Secang tumbuh liar dan kadang ditanam sebagai tanaman pagar atau pembatas kebun. Panenan kayu dapat dilakukan mulai umur 1-2 tahun. Kayunya bila digodok memberi warna merah gading muda, dapat digunakan untuk pengecatan, memberi warna pada bahan anyaman, kue, minuman atau sebagai tinta. Batang kayu secang dapat dipotong-potong, namun secara umum kayu secang sering dijual di dalam bentuk serutan. Tanaman secang tumbuh pada tempat terbuka sampai ketinggian 1.000 m dpl., seperti di daerah pegunungan yang berbatu tetapi tidak terlalu dingin. Secang tumbuh liar dan kadang ditanam sebagai tanaman pagar atau pembatas kebun. Perdu atau pohon kecil, tinggi 5-10 m, batang dan percabangannya berduri tempel yang bentuknya bengkok dan letaknya tersebar, batang bulat, warnanya hijau kecoklatan. Daun majemuk menyirip ganda, panjang 25-40 cm, jumlah anak daun 10-20 pasang yang letaknya berhadapan. Anak daun tidak bertangkai, bentuknya lonjong, pangkal rompang, ujung bulat, tepi rata dan hampir sejajar, panjang 10-25 mm, lebar 3-11 mm, warnanya hijau. Bunganya bunga majemuk berbentuk malai, keluar dari ujung tangkai dengan panjang 10-40 cm, mahkota bentuk tabung, warnanya kuning. Buahnya buah polong, panjang 8-10 cm, lebar 3-4 cm, ujung seperti paruh berisi 3-4 biji, bila masak warnanya hitam. Biji bulat memanjang, panjang 15-18 mm, lebar 8-1 1 mm, tebal 5-7 mm, warnanya kuning kecoklatan. Panenan kayu dapat dilakukan mulai umur 1-2 tahun. Kayunya bila digodok memberi warna merah gading muda, dapat digunakan untuk pengecatan, memberi warna pada bahan anyaman, kue, minuman atau sebagai tinta. Perbanyakan engan biji atau stek batang (Anonim, 2010).

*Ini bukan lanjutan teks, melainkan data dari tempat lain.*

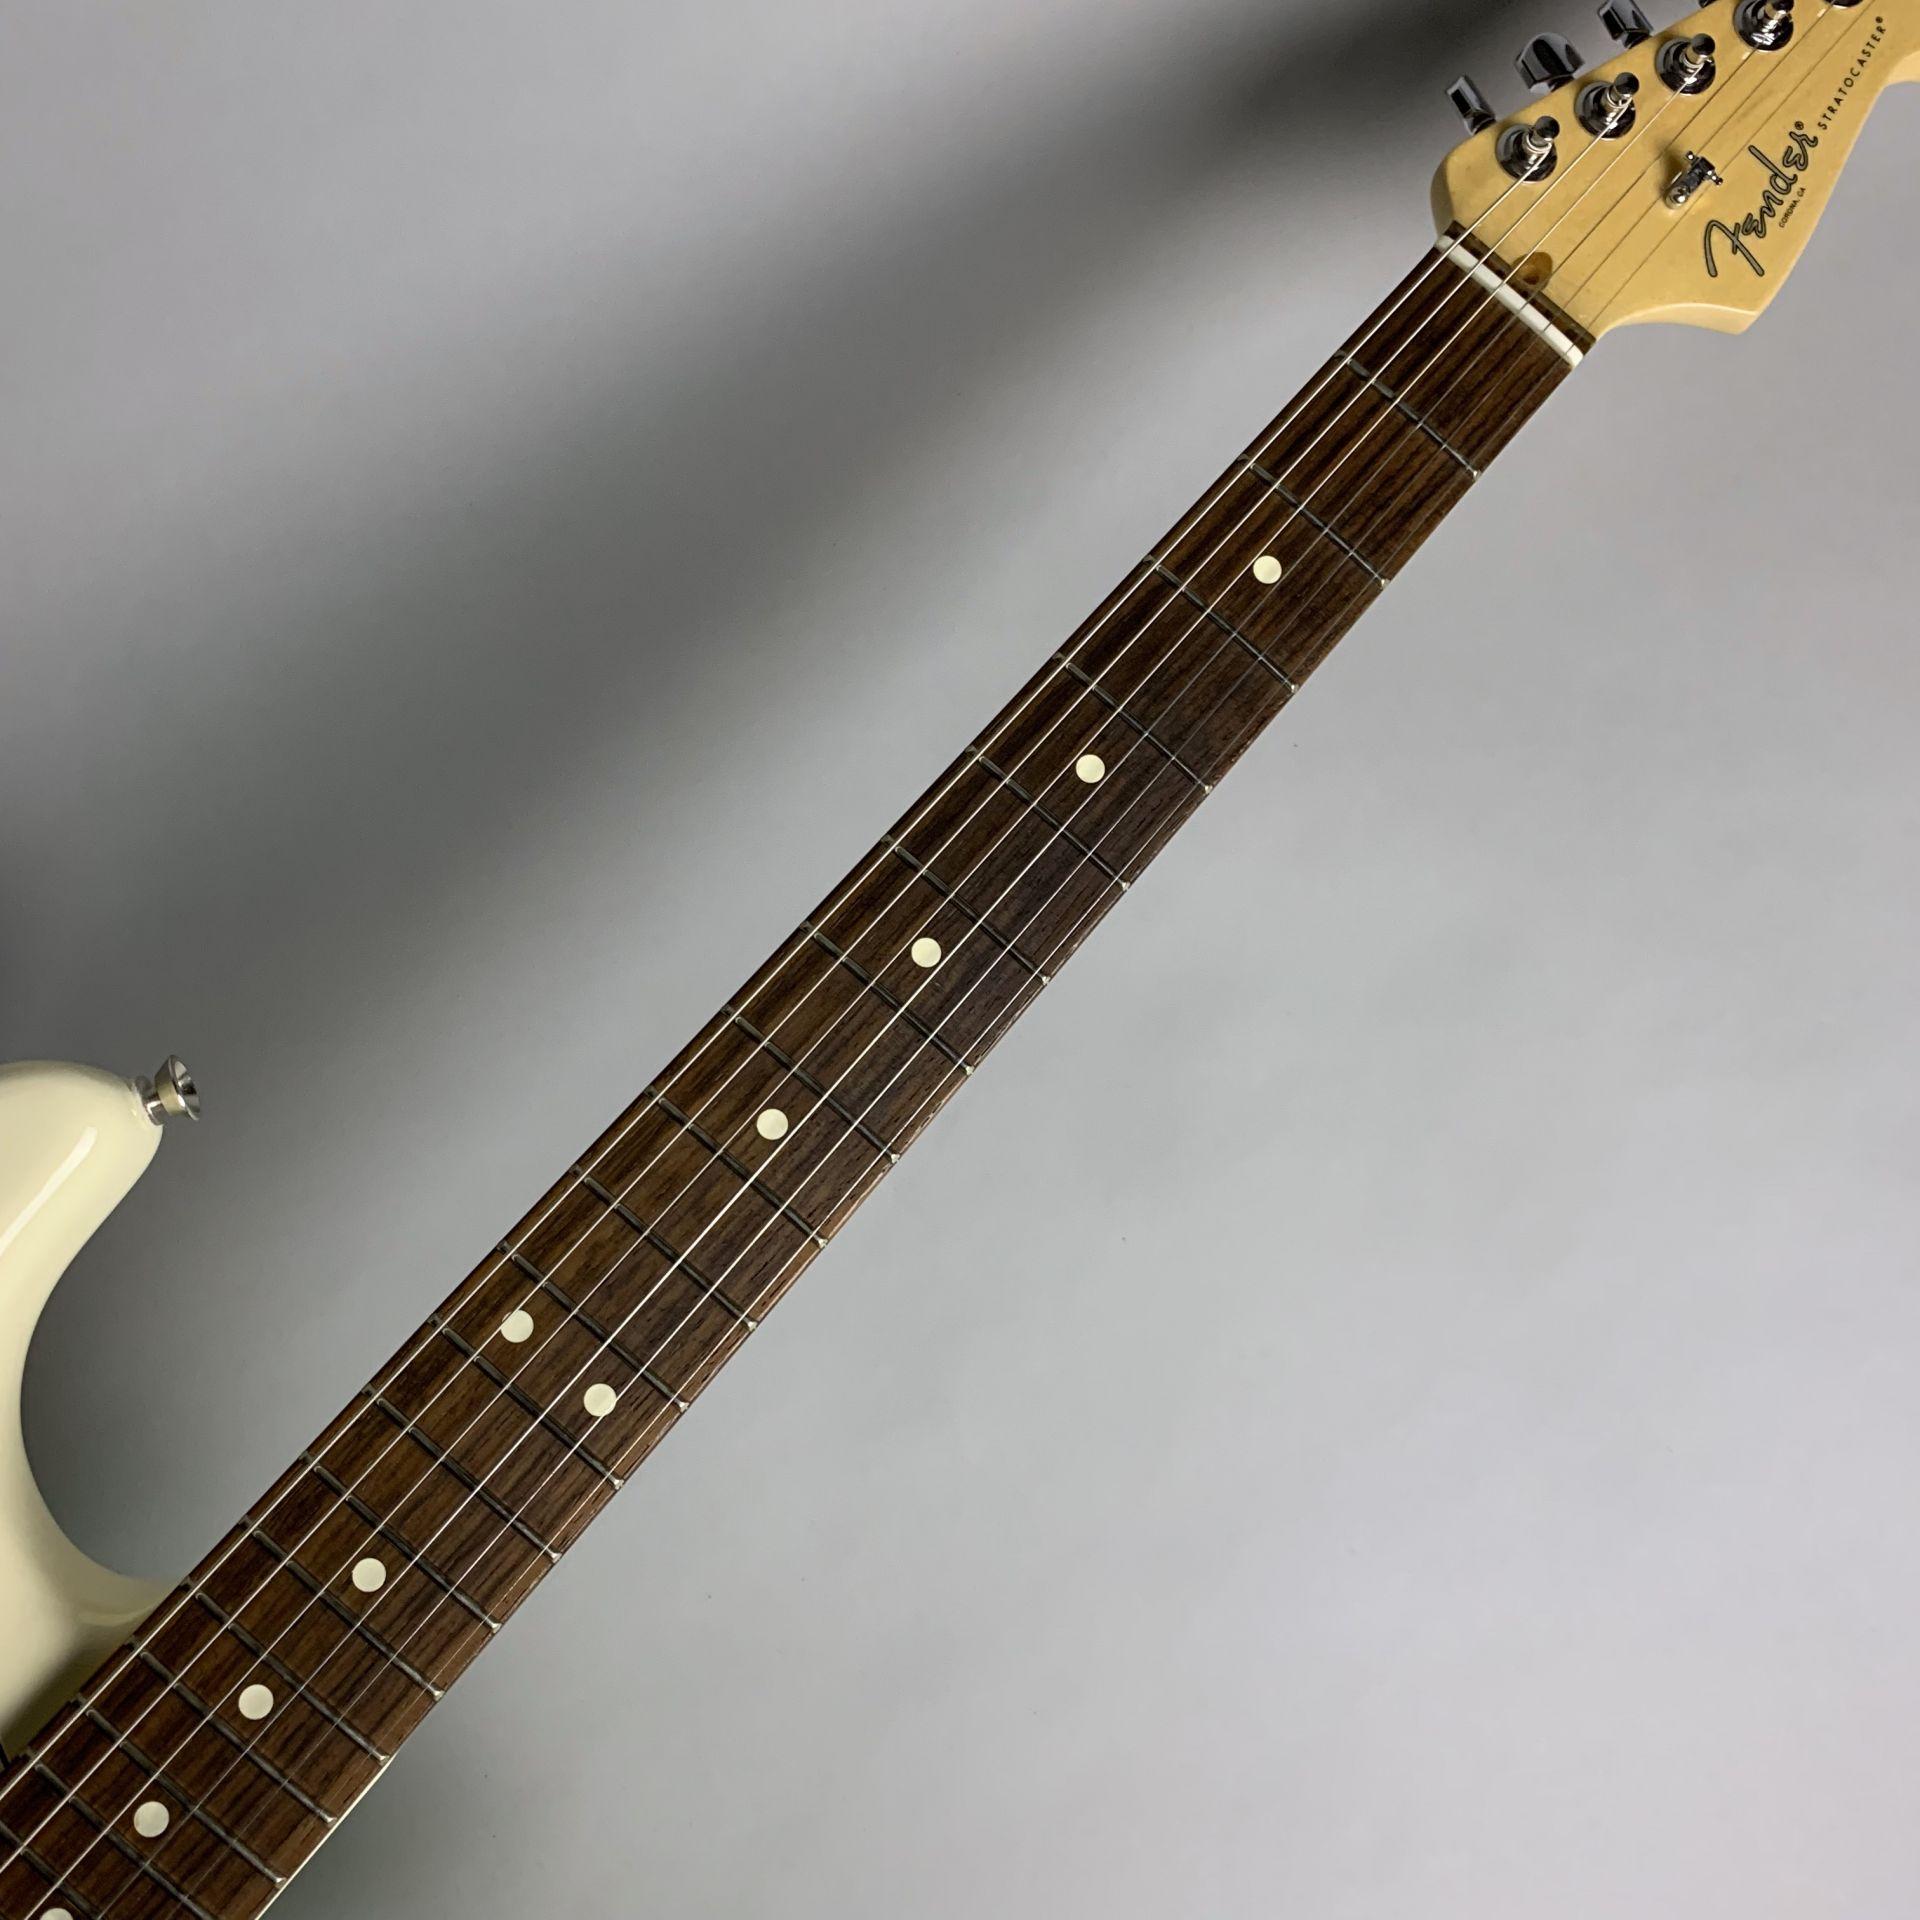 American Professional Stratocasterのボディバック-アップ画像

Kayu secang bermanfaat untuk mengobati diare, disentri, batuk darah (TBC), luka dalam, sifilis, darah kotor, muntah darah, berak darah, luka berdarah, memar berdarah, malaria, tetanus, tumor, radang selaput lendir mata, pengobatan setelah bersalin, dan lain-lain. Ekstrak kayu secang hasil penapisan mengandung lima senyawa aktif yang terkait dengan flavonoid baik sebagai antioksidan primer maupun antioksidan sekunder (Safitri, 2002 dalam Udju D. Rusdi dkk, 2005). Flavonoid yang terdapat dalam ekstrak kayu secang memiliki sejumlah kemampuan yaitu dapat meredam atau menghambat pembentukan radikal bebas hidroksil, anion superoksida, radikal peroksil, radikal alkoksil, singlet oksigen, hidrogen peroksida (Shahidi, 1999; Miller, 2002 dalam Udju D. Rusdi dkk, 2005). Secara umum pemakaian kayu secang untuk diminum adalah 3-9 g, direbus, sedangkan untuk pemakaian luar, kayu secang direbus, airnya digunakan untuk mencuci luka, luka berdarah atau dipakai untuk merambang mata yang meradang (Anonim, 2010).

Secang mempunyai sifat kimiawi dan efek farmakologis sepat tidak berbau, menghentikan perdarahan, pembersih darah, pengelat, penawar racun dan antiseptik. Kandungan kimia kayu secang adalah asam galat, tanin, resin, resorsin, brasilin, brasilein, d-alfa-phellandrene, oscimene, minyak atsiri. Daun: 0,16%-0,20% minyak atsiri yang berbau enak dan hampir tidak berwarna. Ekstrak kayu secang mempunyai kemampuan anti oksidan sangat nyata paling baik dari pada vitamin C maupun vitamin E, dan mampu meningkatkan SAT dari 2,39-mmol/L menjadi 4,38-7,58 mmol/L (Udju D. Rusdi, 2005).